O próprio Kini estuda o veneno de cobras e a saliva de mosquitos com o objetivo de desenvolver medicamentos que previnam danos ao coração após um ataque cardíaco e controlem problemas de diurese.

Em sua experiência, muitas destas toxinas apresentam pequenas variações em um ou dois aminoácidos que desencadeiam efeitos fisiológicos altamente específicos, sendo uma questão de isolá-las e modificá-las para criação de novas terapias.

Um futuro com toxinas

A experiência com o monstro-de-gila demonstra o potencial de combinar a biologia molecular, a farmacologia e o estudo detalhado de venenos.

Para Kini, o fato de um réptil relativamente lento e inofensivo à primeira vista —capaz de sobreviver com poucas refeições e portar um veneno estável—, ter fornecido a base para medicamentos revolucionários é uma amostra do que poderia ser encontrado em outras criaturas.

"Vivemos em uma era em que novas ferramentas nos permitem avançar mais rápido do que nunca.
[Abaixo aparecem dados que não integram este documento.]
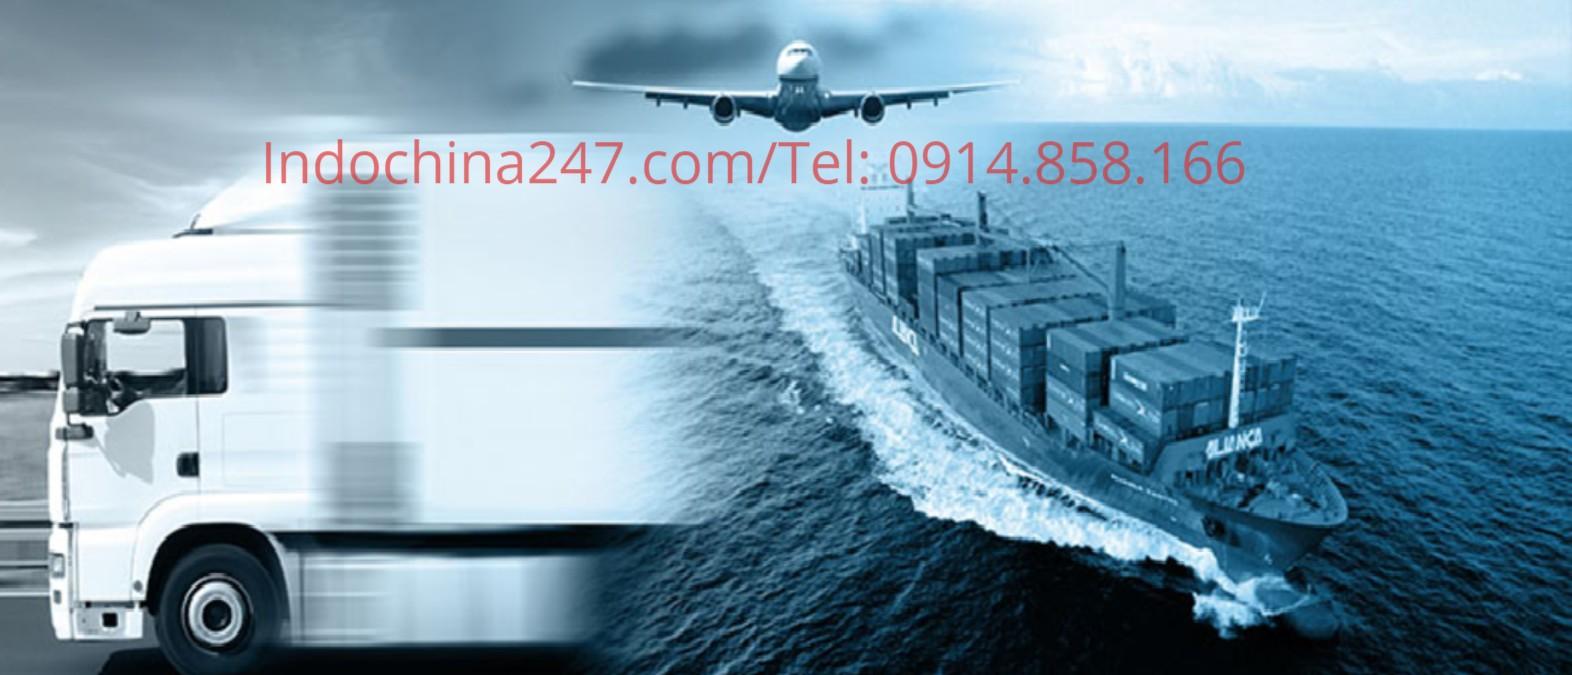 Dịch vụ vận chuyển ship gửi hàng từ illinoisMỹ về Việt Nam giá cực tốt

Ainda assim, o maior desafio costuma ser o financiamento: transformar uma descoberta de laboratório em um medicamento disponível comercialmente leva anos de ensaios clínicos e grandes investimentos", ele adverte.

No entanto, ele diz acreditar que os resultados mais do que justificam o esforço, especialmente considerando o profundo impacto de doenças como diabetes, obesidade e hipertensão.

"As próximas décadas podem nos reservar novas surpresas", diz Kini.

"Podemos encontrar compostos ainda mais eficazes no veneno de algum outro animal, ou criar versões sintéticas que ataquem doenças por novos ângulos."